When Solaire Resort & Casino opened its first phase in March 2013, observers proclaimed it set a new standard for the Philippine market. With its Phase 1A Sky Tower that opened in late November, “Solaire raised the bar again. They definitely outdid Phase I with Phase 1A,” says Francis Hernando, vice president for Licensing and Development of the country’s gaming regulator, Pagcor.

“The Sky Tower elevates Solaire yet another step higher into the very top tier of world-class integrated resorts, and is a tremendous game changer in providing best-in-class guest experience,” Solaire President and Chief Operating Officer Thomas Arasi says. After joining Solaire in October 2013, Mr Arasi reportedly ordered key changes to Sky Tower as part of revamping the resort’s strategy and positioning. Despite that, Sky Tower arrived “on track and on spec,” parent company Bloomberry Chairman and Chief Executive Enrique Razon Jr said just ahead of the new wing’s 21st November ribbon cutting.

Solaire opened as the first property in Pagcor’s Entertainment City integrated resort district with a 488-room hotel tower and 18,500 square-meter (200,000 square foot) gaming area, plus a grand ballroom and about a half-dozen food and beverage options. Sky Tower advances Solaire toward becoming a full-fledged integrated resort with additional rooms, VIP gaming, F&B options, meeting rooms, and a theater, all packaged around a spectacular lobby. The $1.2 billion property, currently averaging 14,000 daily visitors, will roll out more non-gaming attractions throughout this year. Non-gaming revenue accounted for about 3.5% of Solaire’s third quarter overall revenue of 22.3 billion Philippine pesos (US$531 million). “The non-gaming side has performed well, noting, however, that much of our non-gaming is pretty much being sopped up and consumed by the gaming side. … So it’s really been supporting the gaming business,” Mr Arasi says. “Once we build out everything in the Sky Tower, we’ll be able to solidly grow our non-gaming business.”

SPLASHY START

Sky Tower’s two-story-high lobby atrium makes an immediate splash with a twin waterfall highlighting a tropical garden with palm trees and other greenery. Natural light pours in through the central skylight. Oasis Garden Café serves as the atrium’s striking centerpiece. Sheathed in light wood loosely woven to resemble a bird’s nest, Oasis is an inviting patisserie by day and a stylish piano lounge once the sun goes down.

With views of the lobby and Manila Bay, Waterside Restobar advances the gastro-bar concept, serving meals and snacks with Mediterranean and Latin accents from its ensemble of show kitchens.

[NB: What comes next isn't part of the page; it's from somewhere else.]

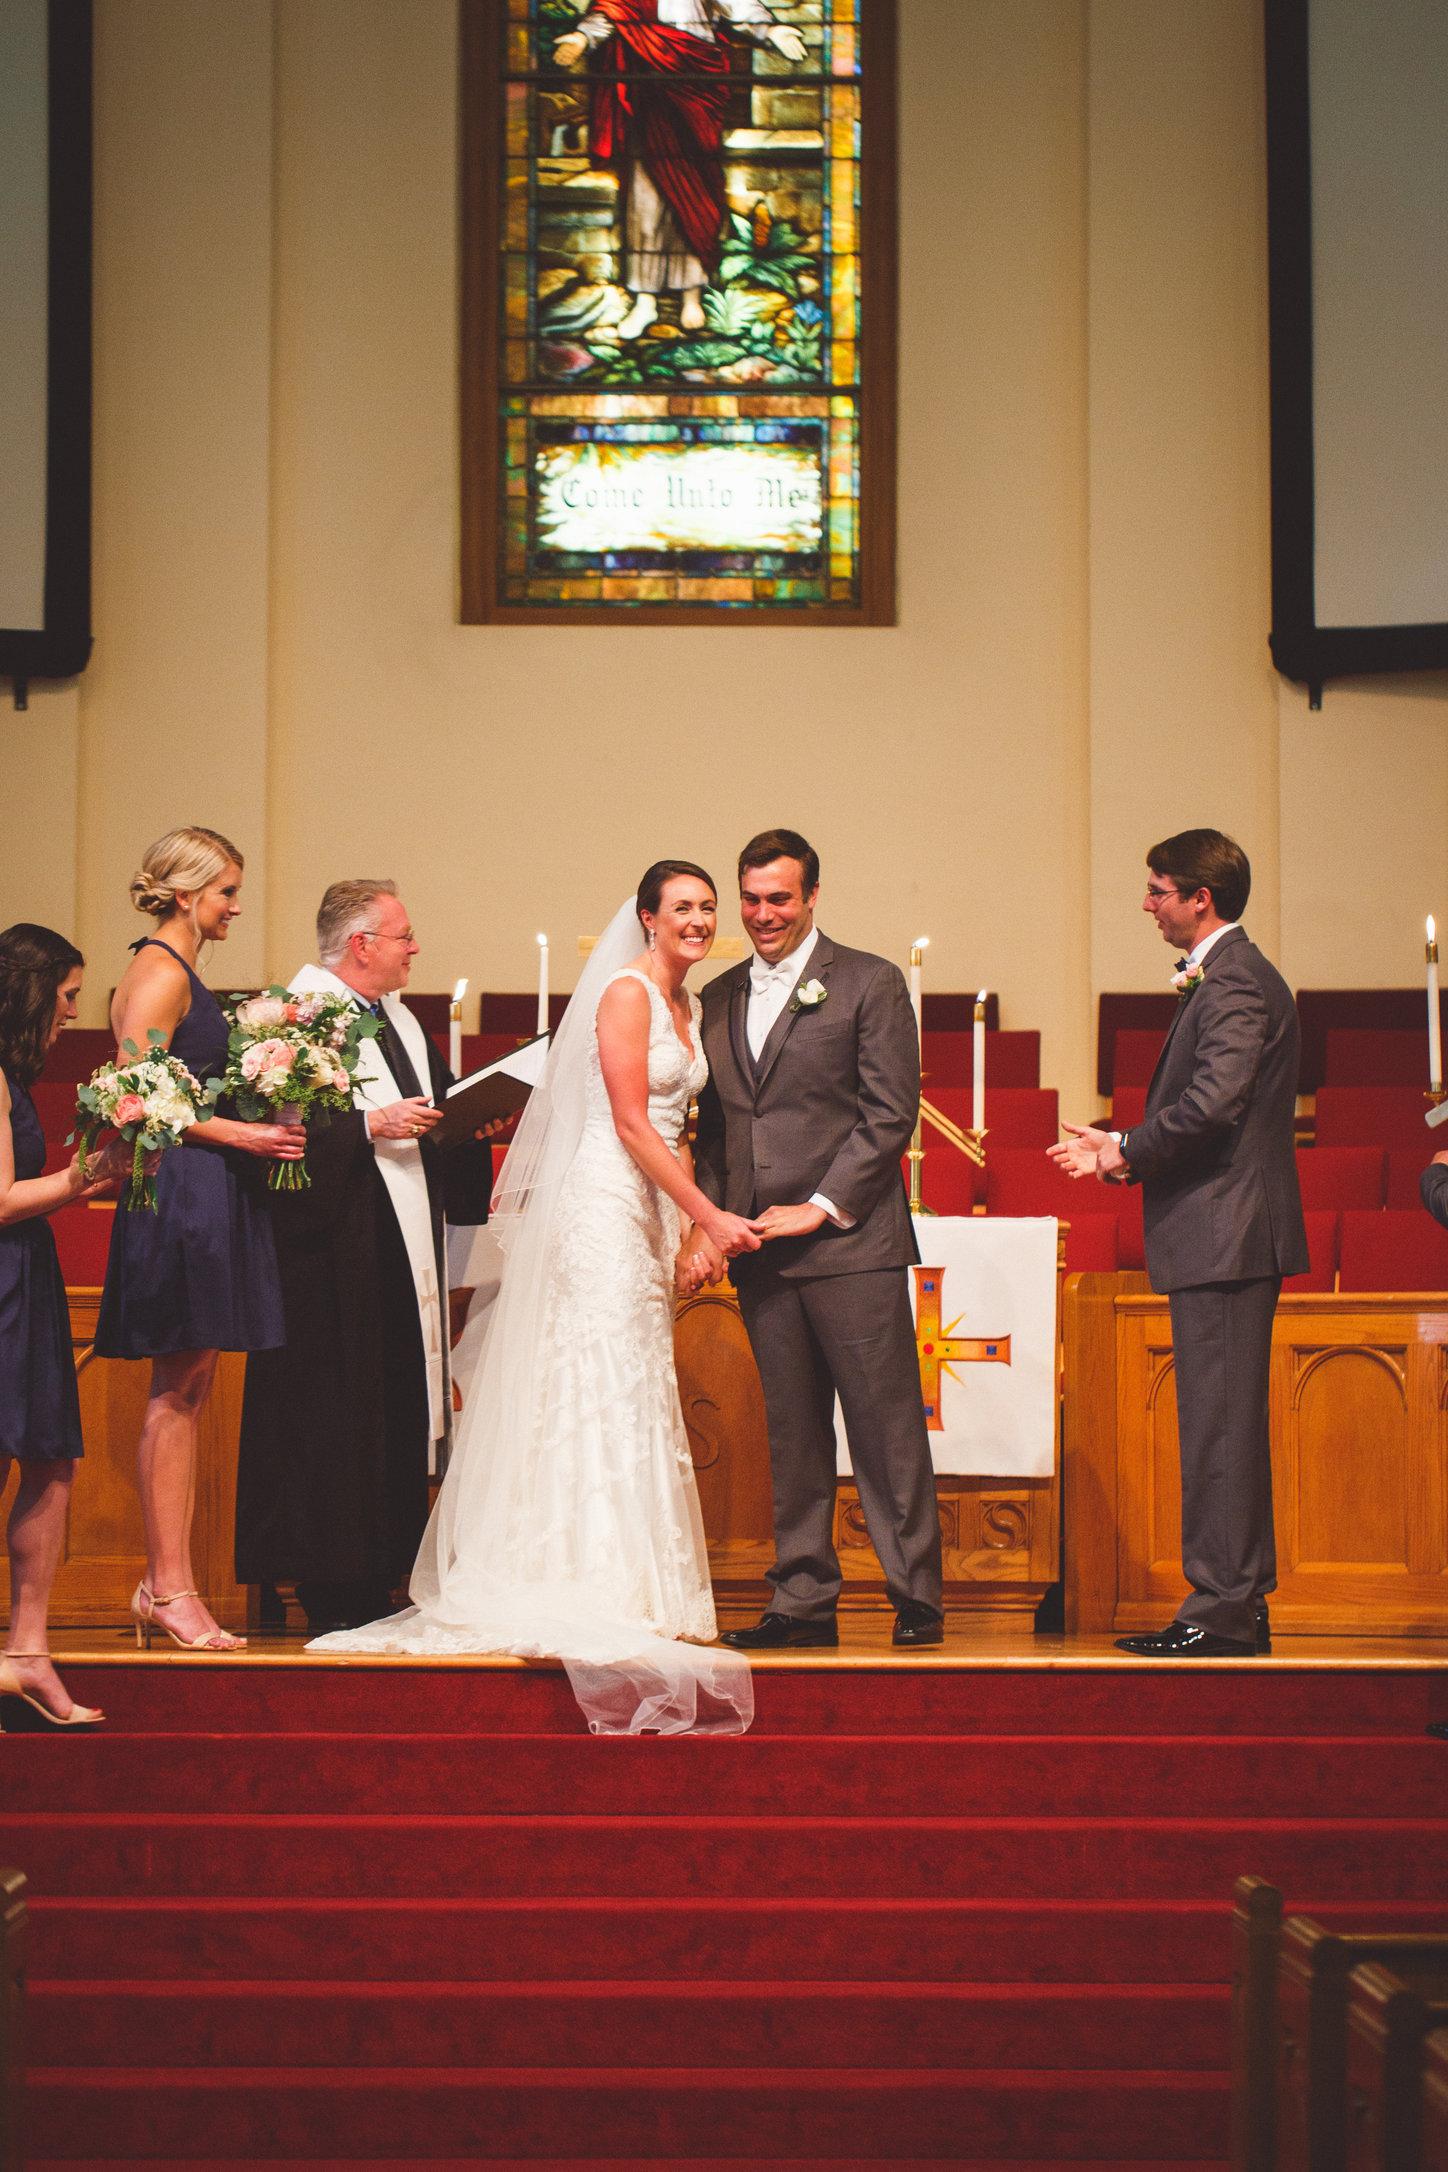 SandC-wedding-225.jpg

Waterside’s next step will be alfresco dining, including tapas at sunset.

Like the rest of Solaire, the lobby features original modern artwork, many pieces from the private collection of Mr Razon, a billionaire thanks to his global ports business. A massive abstract canvas by Philippine artist Gen Cab on the wall facing Sky Tower’s reception area has been valued at US$1 million.

Sky Tower brings Solaire’s key count to 800. “We’re fairly bigsized now, but I would strongly suggest we feel more intimate than most other places like us do,” Mr Arasi says. “It’s how we’re designed. It’s a more intimate design. It’s different venues within the overall envelope.” Some credit is also due Solaire’s 5,600 employees, whom Mr Arasi calls “the best team members I’ve ever worked with.”

SKY SUITES

Suites in Sky Tower range from 124 square meters to a whopping 936 square meters. Interiors by Solaire Director for Interior Design Samantha Drummond mix the hotel’s signature orange with earth tones and basic black to luxurious effect. In most suites, the separate sitting area with views of the bay has a sectional sofa, easy chair with ottoman, artworks and a high boy concealing the minibar. The effect is elegant and sophisticated, yet homey and comfortable. Some suites are entered via recessed vestibules off the hallway and can be combined, not via the traditional connecting doors inside rooms, but by closing off the vestibule area from the hallway.

Sky Tower expands Solaire’s VIP gaming with 66 tables in 10 bright and airy private gaming suites, “the most gorgeous gaming salons ever to see a deck of cards,” Mr Arasi contends. The new suites, on Sky Tower’s second level and linked to the original Bay Tower VIP area, bring its VIP table count to 180. Bay Tower has larger gaming suites, nine of them housing Solaire’s fixed junkets. Sky Tower’s smaller suites cater to direct VIPs and casual junkets as well as players who want private rooms. Direct VIP buy-ins begin at HK$300,000. Solaire takes bets in both Hong Kong dollars and Philippines pesos. Minimum bets on the VIP area’s open floor begin at HK$2,000 with a HK$1.5 million maximum.

Player pampering enrichments extend to exclusive F&B for VIPs only. Macallan Whisky and Cigar Bar, named for the premium Scotch whiskey brand, has a clean, elegant look and full drink service, featuring whiskey tasting menus. The separate cigar divan—Mr Arasi admits to enjoying an occasional cheroot—has a clubby feel, and offers Cuban as well as Philippine smokes. House of Zhou features northern Chinese cuisine, a counterpoint to Solaire’s original Cantonese restaurant, Red Lantern.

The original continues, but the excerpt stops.